Prob. 138, pp. 29-30 & 79; 1895?: 158, pp. 33 & 82; 1917: 158, pp. 31 & 79. Use 1, 2, ..., 9 to make 100. He gives: 95 + 3 + 1 + 6/7 + 4/28; 75 9/18  +  24 3/6 (cf Leske). He says there are many such and many variations, e.g. allowing one repetition and making 1000. [There are ways to make 1000 without any repetitions, e.g. 987 + 6 + 5 + 4 + 2 - 3 - 1.]

Prob. 140 pp. 30 & 79; 1895?: 160, pp. 33 & 82; 1917: 160, pp. 31 & 79. Use 0, 1, ..., 9 to make 10. Solution: 1 35/70 + 8 46/92.


Berkeley & Rowland. Card Tricks and Puzzles. 1892. Card Puzzles No. 4: Century addition, p. 4. Use 1, ..., 9 to add up to 100. Solutions are: 74 + 12 + 3  =  89 + 6 + 5  =  100; same as Book of 500 Puzzles; 19 + 28 + 6 = 53 + 47 = 100.

Anonymous problem proposal with solutions by K. K.; R. Ichikawa; S. Tamano and two papers by T. Hayashi. J. of the Physics School in Tokyo 5 (1896) 82, 99-103, 153-156 & 266-267, ??NYS Abstracted in: Yoshio Mikami, ed.; Mathematical Papers from the Far East; AGM 28 (1910) 16-20; as: A queer number. In base b, we have [12...b * (b 2)] + b-1 = b...21. [I wonder about other solutions of a * x + b = y, where a, b are digits and x, y are pandigital expressions (either with the 9 positive digits or all 10 digits, either separately or together) or y is the reversal of x, etc.]

H. D. Northrop. Popular Pastimes. 1901. No. 17: Magical addition, pp. 69 & 74. "Arrange the figures 1 to 9, so that by adding them together they will make 100. How can this be done?" Solution is: 15 + 36 + 47  =  98 + 2  =  100. Cf Magician's Own Book.

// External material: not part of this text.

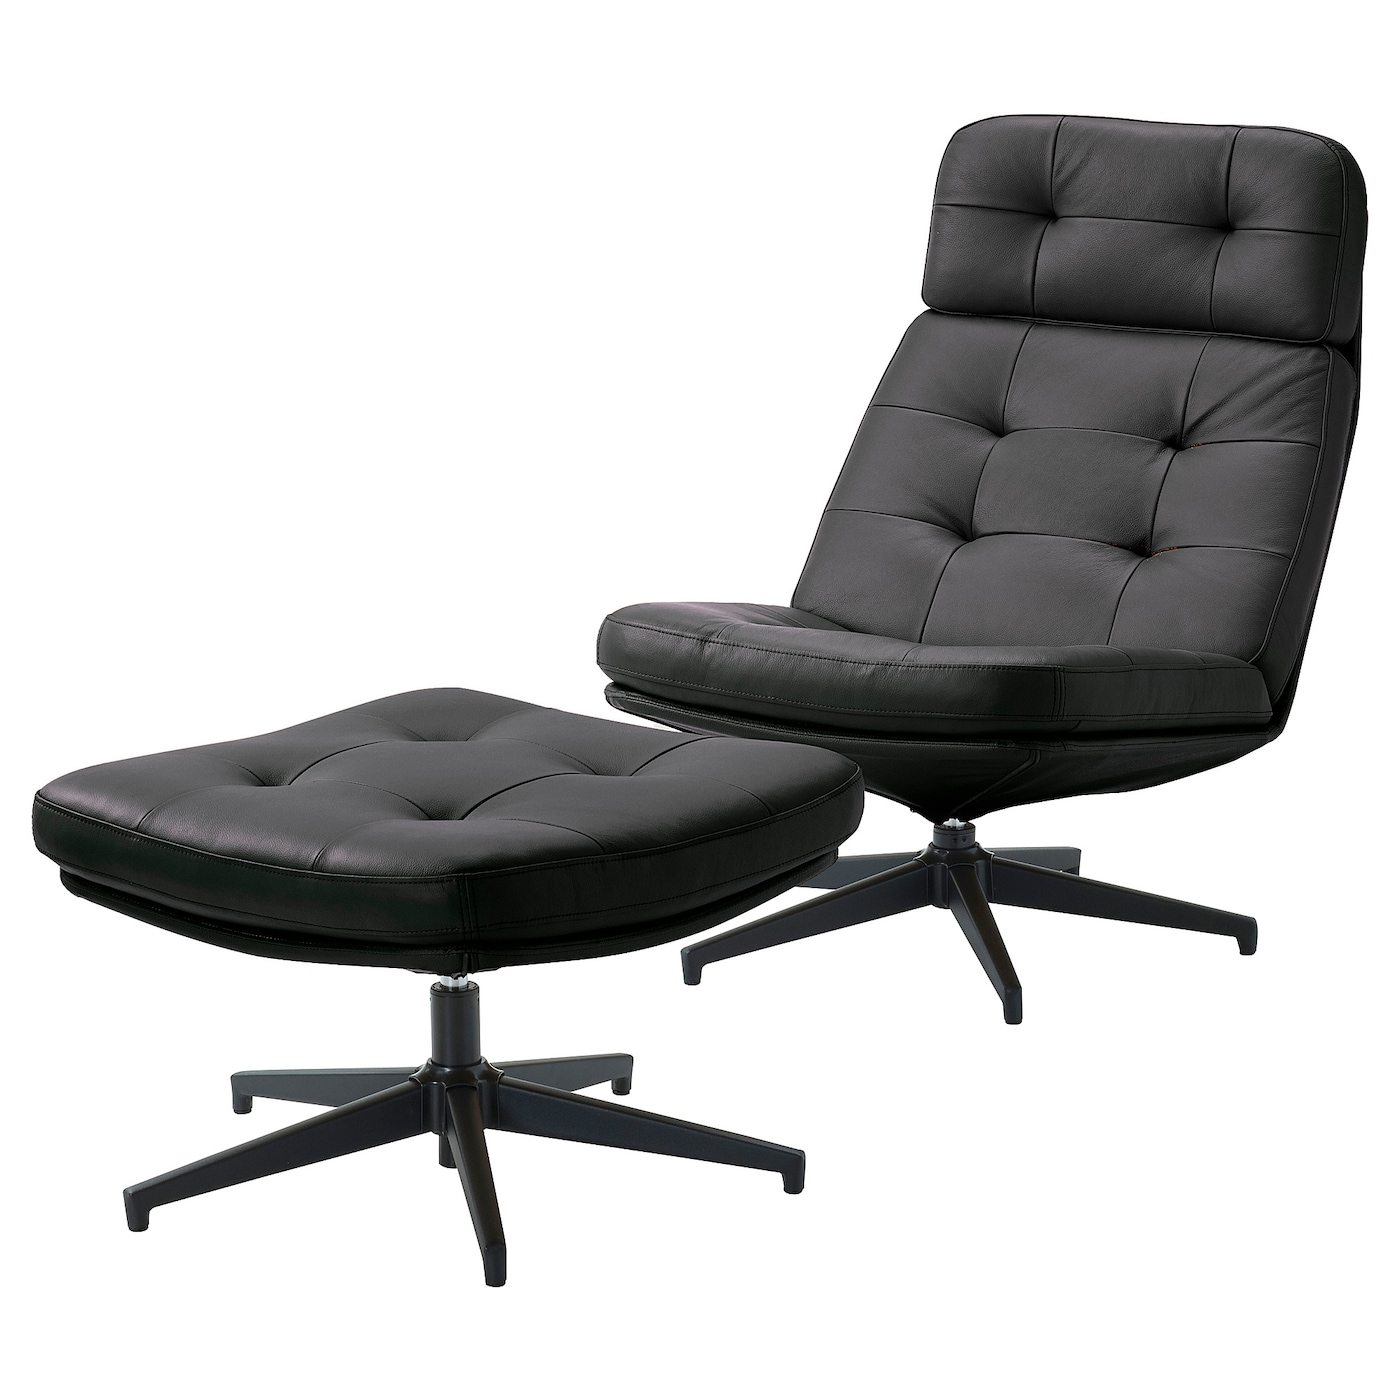 ХАВБЕРГ Кресло и подставка для ног, Гранн/Бомстад черный HAVBERG IKEA дизайнерское эргономичное кресло расслабляющая подставка для ног вращающееся компьютерное кресло для геймеров откидное кожаное кресло

T. Hayashi. On the examination of perfect squares among numbers formed by the arrangements of the nine effective figures. J. of the Physics School in Tokyo 5 (1896) 203-206, ??NYS. Abstracted in: Yoshio Mikami, ed.; Mathematical Papers from the Far East; AGM 28 (1910) 23-25. Says Artemas Martin asked which squares contain all nine positive digits once each and that Biddle found 29 of these. (Cites same J. 5 (1896) 171, ??NYS, for the solutions.) [What about with all 10 digits?].

Clark. Mental Nuts. 1897, no. 98; 1904, no. 42; 1916, no. 44. One in addition. "Place the figures 1 2 3 4 5 6 7 8 9 0 to add 100." Answer: 50 1/2 + 49 38/76.

Ball. MRE, 4th ed., 1905. P. 14. Use the 10 digits to total 1 -- a solution is 35/70 + 148/296 -- or to total 100 -- a solution is 50 + 49 + 1/2 + 38/76. Use the 9 digits to make four numbers which total 100 -- a solution is 78 + 15 + 29 + 364.

Ball. MRE, 5th ed., 1911. Pp. 13-14. Briefly restates the material in the 4th ed. as "questions which have been propounded in recent years. ... To the making of such questions of this kind there is no limit, but their solution involves little or no mathematical skill."

M. Adams. Indoor Games. 1912. A clever arrangement, p. 353. Same as Boy's Own Book.

Ball. MRE, 6th ed., 1914. Pp. 13-14. Restates the material in the 5th ed. as "... numerous empirical problems, .... To the making of such questions there is no limit, but their solution involves little or no mathematical skill."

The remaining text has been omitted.